3.) The selected export will ask you for the destination directory location for the exported certificates and a password for protecting the exported certificates. Please note down the password if you are using once since it will be required at the time of importing these certificates to another server.
4.) Copy the certificate from its exported location and move it to a location in your destination IIS server. Open IIS in your destination server as administrator, open “Server Certificates” from the Home screen options and select the import option from left side pane. Browse and select the certificate file from its location, provide the password that you used to export the certificate from the other server, click ‘Ok’. This will import the certificate to IIS and it will be listed in server certificates.
5.) Now you can proceed installing this imported certificate for your domain. Open IIS with administrator privileges, expand the “Sites”, click on the website to which you want to install the certificate. Click on ‘Bindings’ from the left side pane, click on ‘Add’ button, Select the imported SSL certificate from the dropdownliast, add host name and click ‘Ok’ button.

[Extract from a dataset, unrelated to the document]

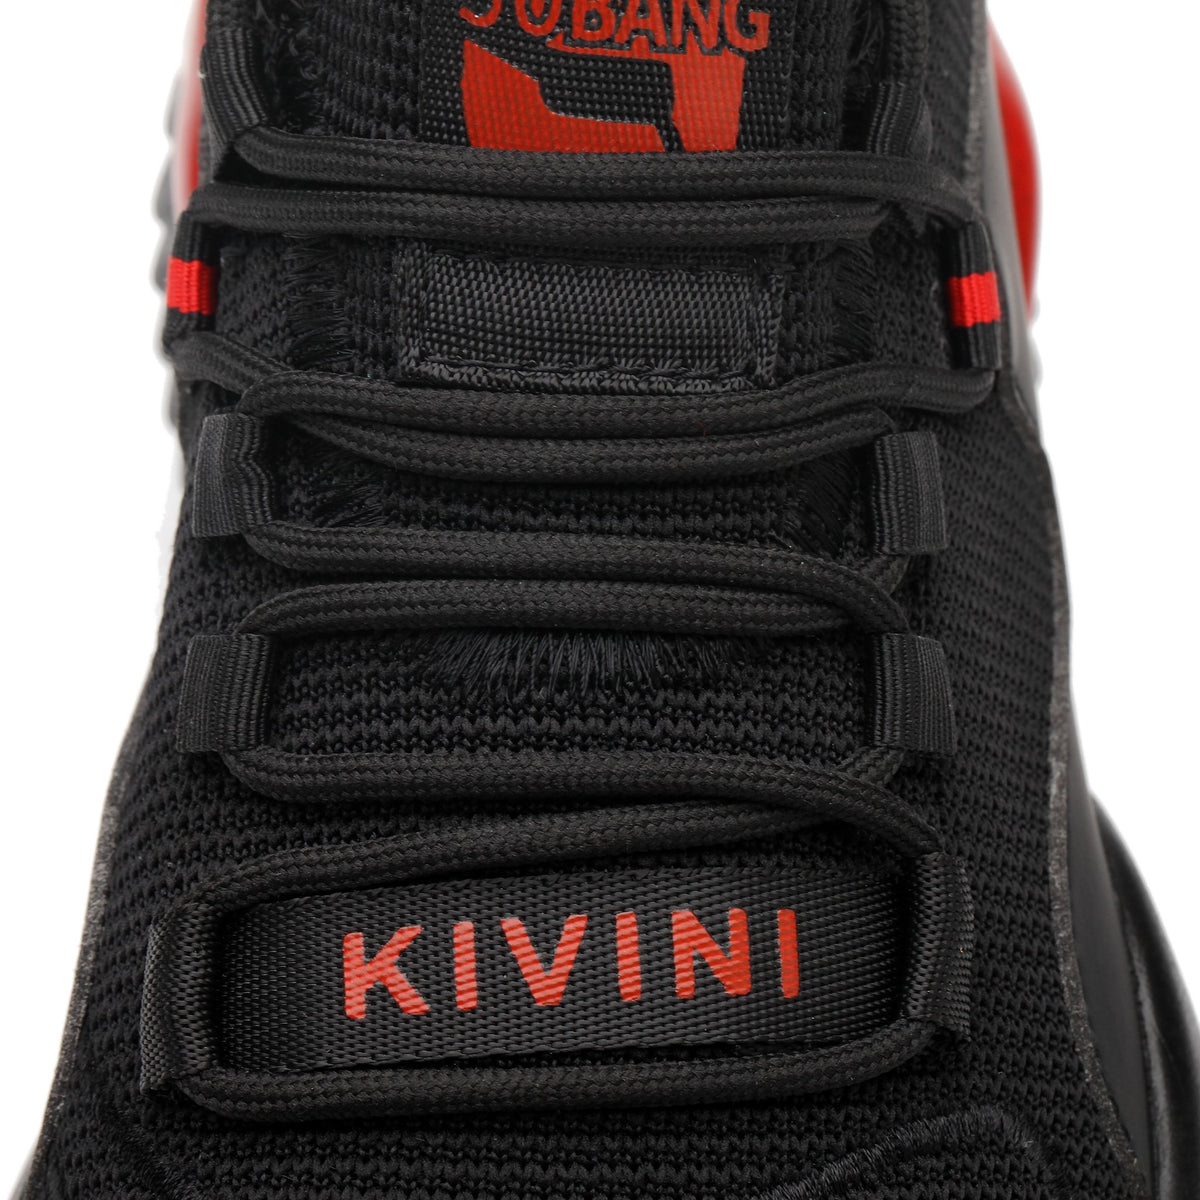 Kivini Indestructible Shoes - Indestructible Shoes

Restart the website from the left pane ‘Manage Web Site’ option.
#2 Copying SSL From a Windows/IIS Server to Linux/Apache Server
1.) Export the certificates from the Windows IIS server as described in the above tutorial (steps 1, 2 and 3)
2.) Copy the exported .pfx certificate from the Windows server to the Linux server. You can use applications like WinSCP, or FTP service in Linux server to transfer the certificates.
3.) Open the command terminal in Linux server and execute the below command to convert the .pfx certificate to the .crt and private key format.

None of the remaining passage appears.